■ Try it ■
Nothing but the lines from the one with "Nike Vintage Sweatshirt" through the end of the data should be set down, each exactly as written, and no picture should be included.

■ Collected data ■
+ + + +

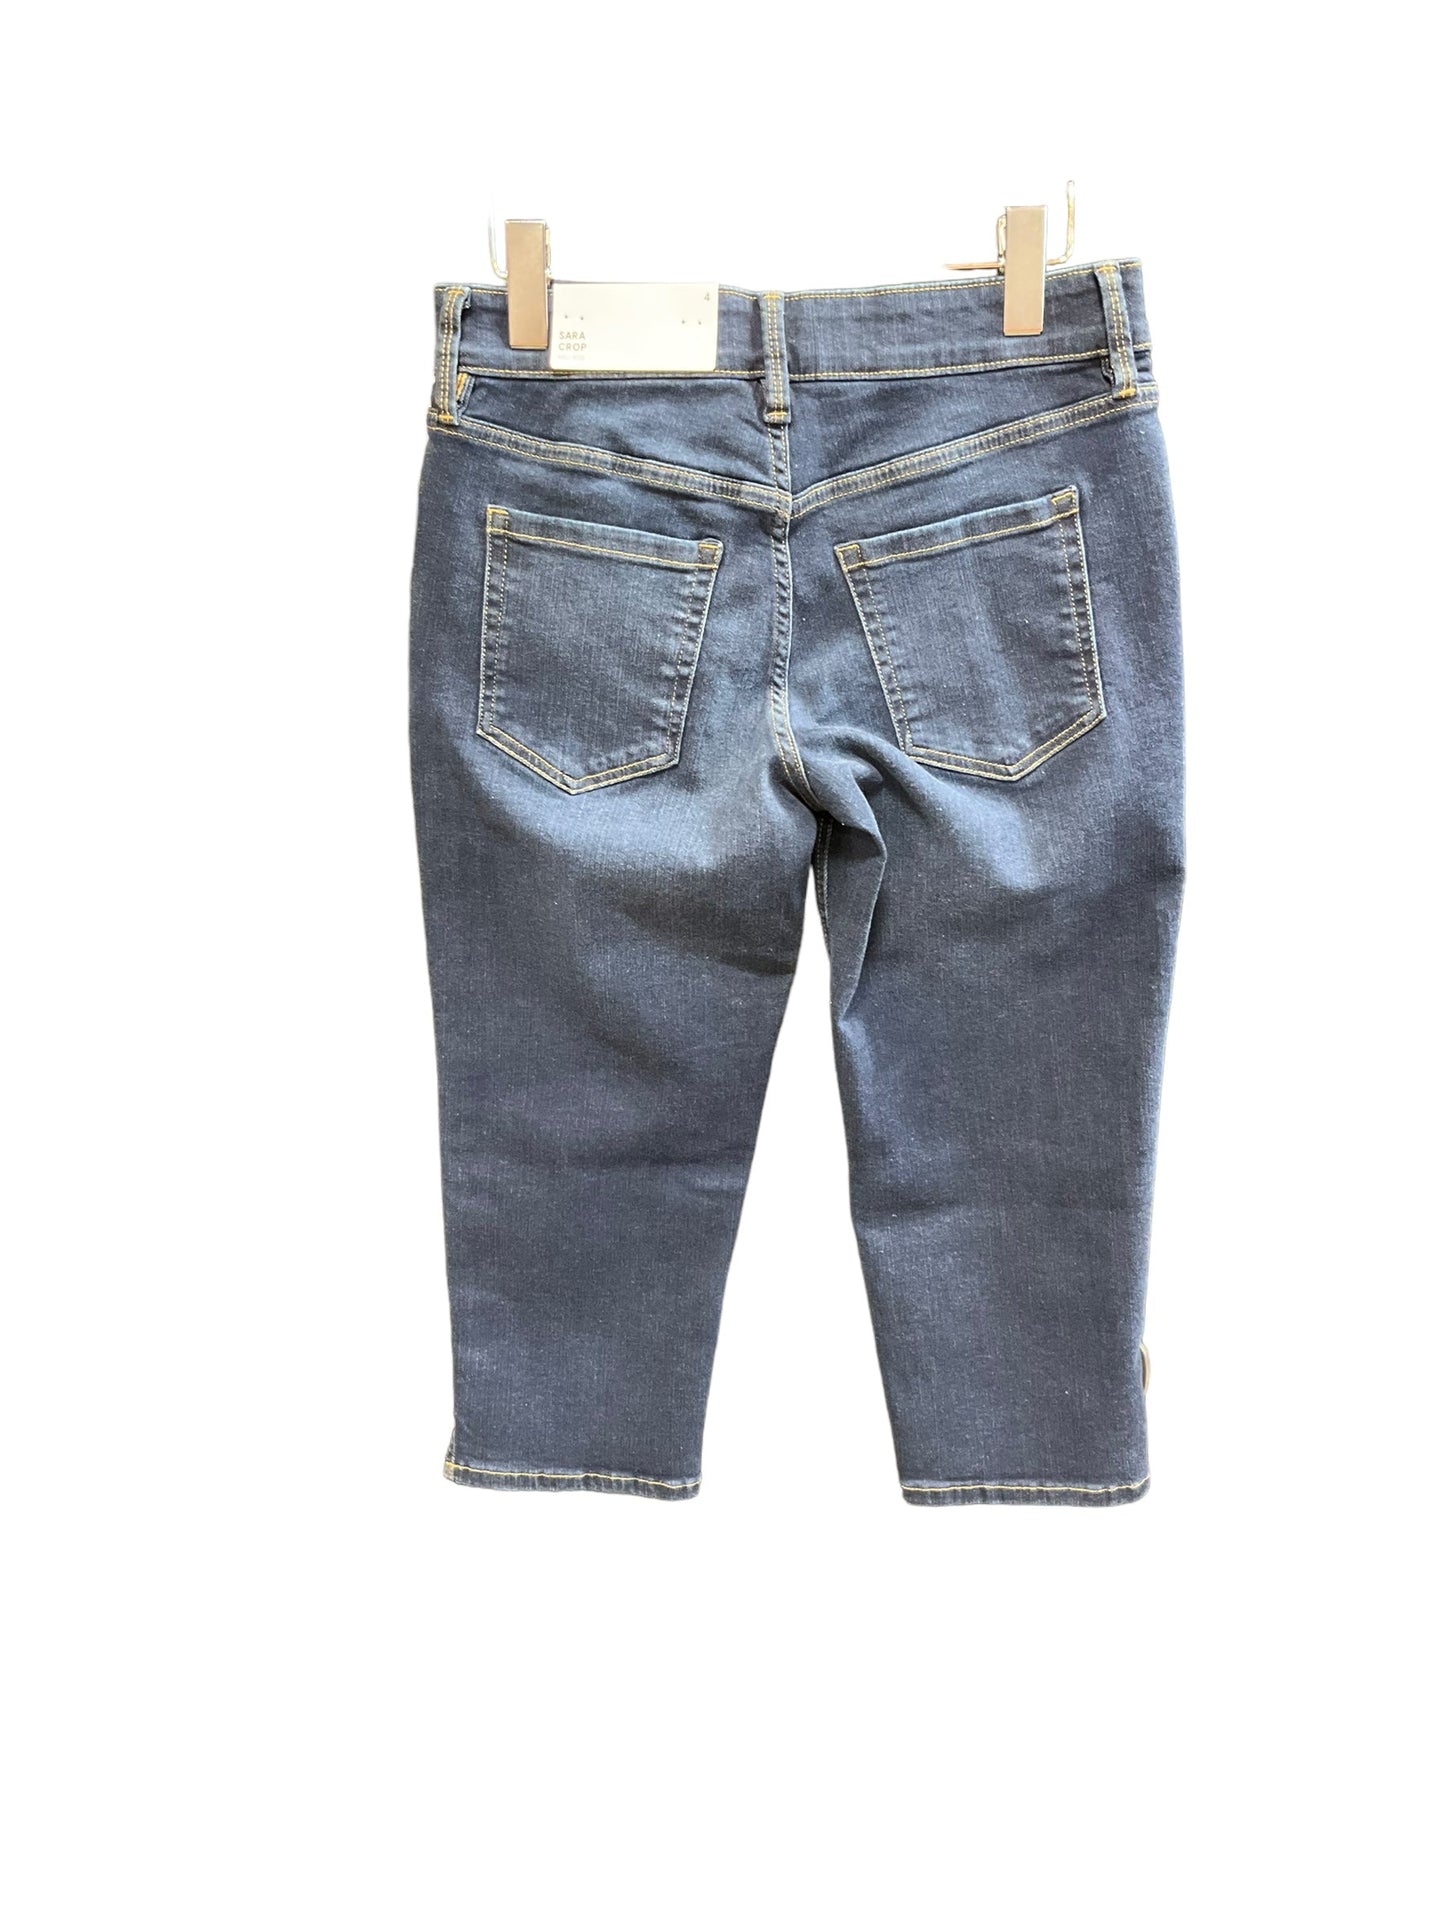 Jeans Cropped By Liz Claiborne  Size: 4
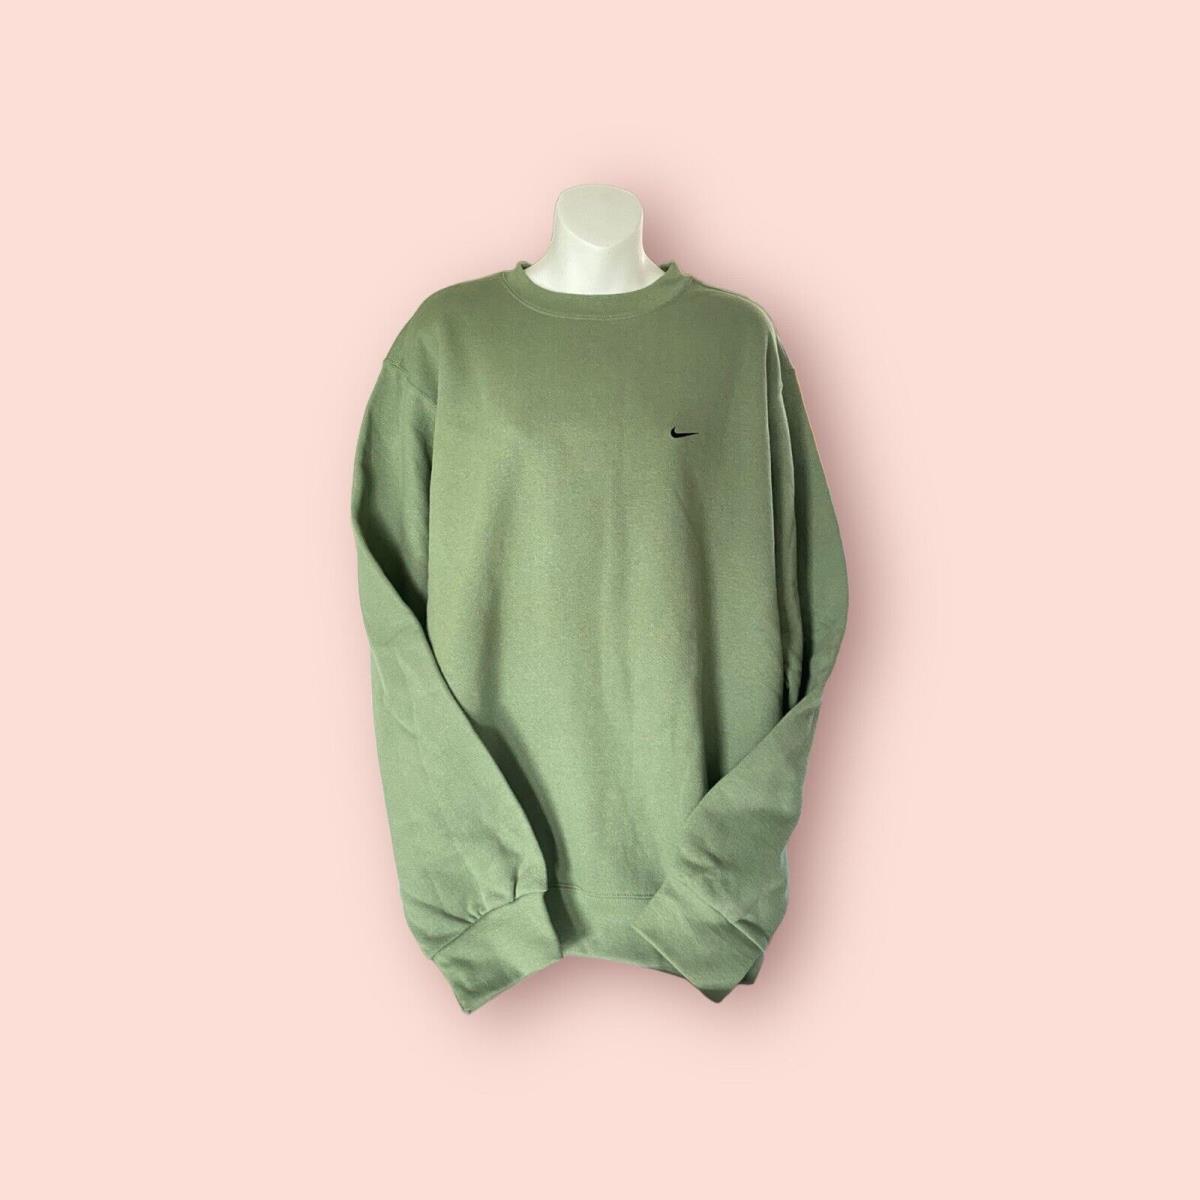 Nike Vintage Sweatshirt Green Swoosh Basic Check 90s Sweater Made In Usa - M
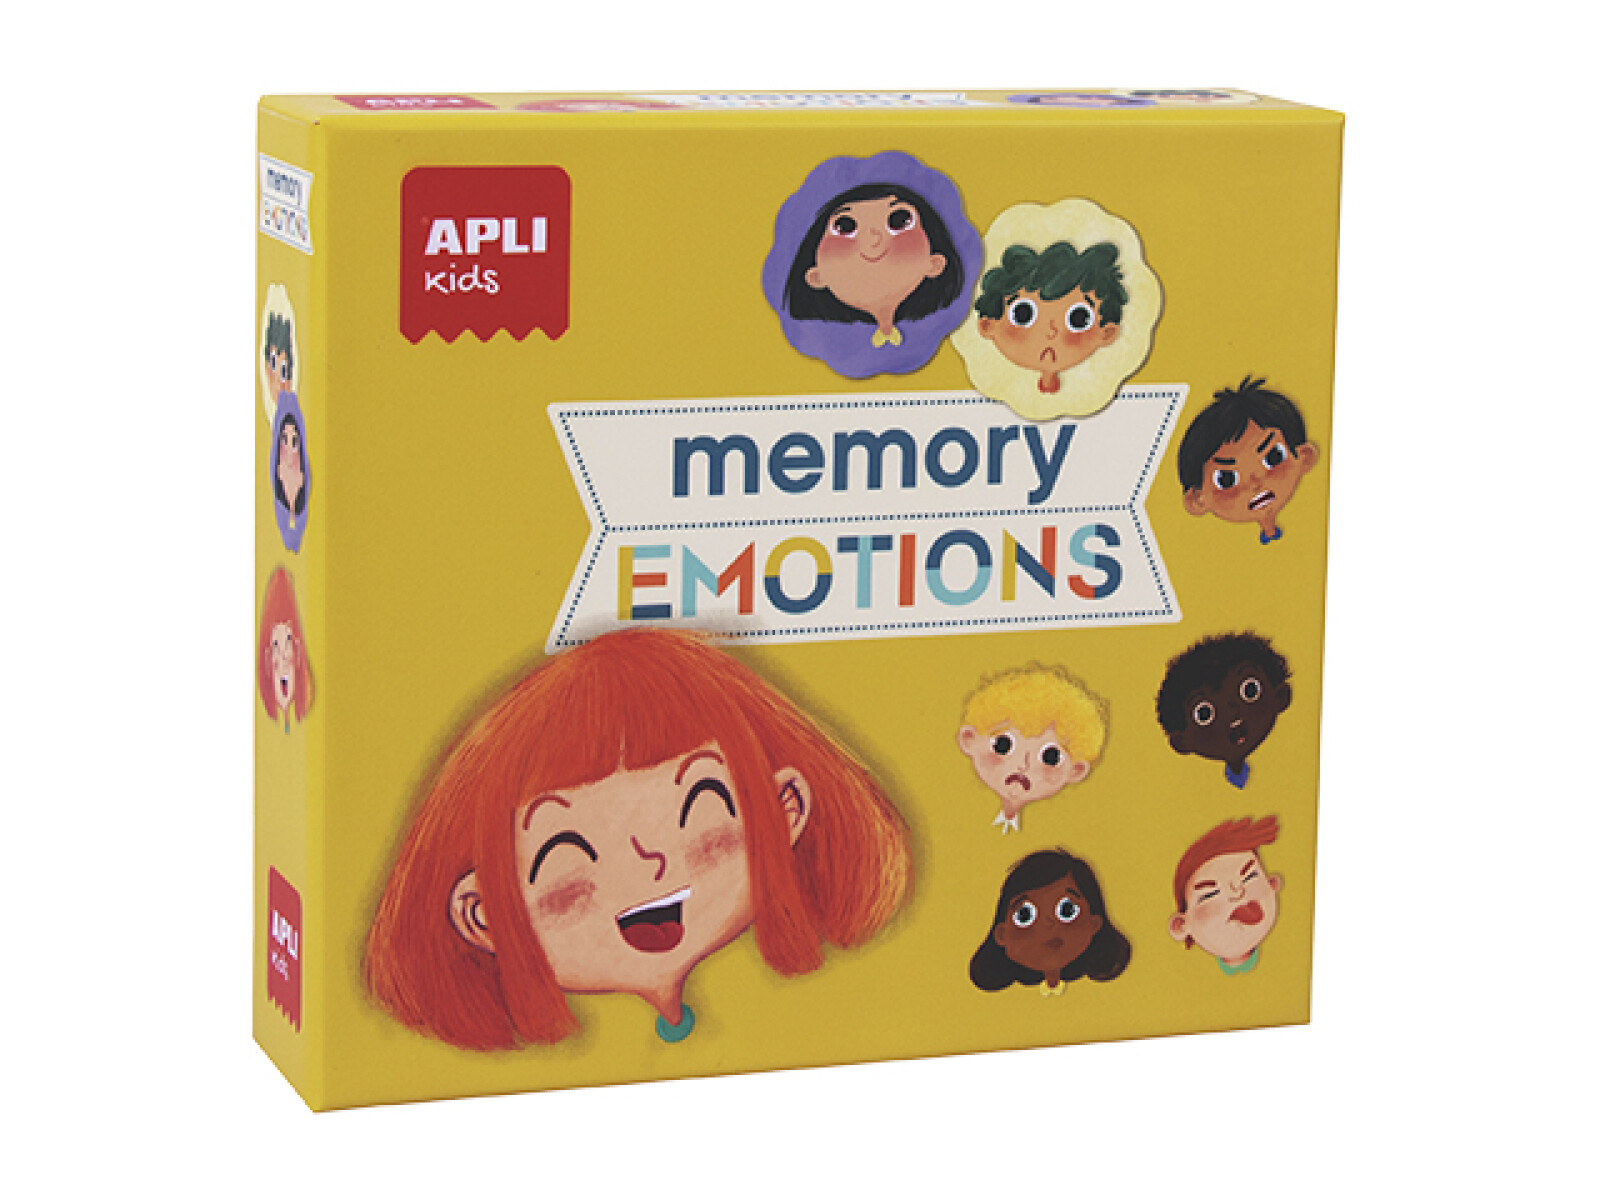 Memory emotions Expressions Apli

+ + + +

■ Reply to the task ■
 Nike Vintage Sweatshirt Green Swoosh Basic Check 90s Sweater Made In Usa - M
 Memory emotions Expressions Apli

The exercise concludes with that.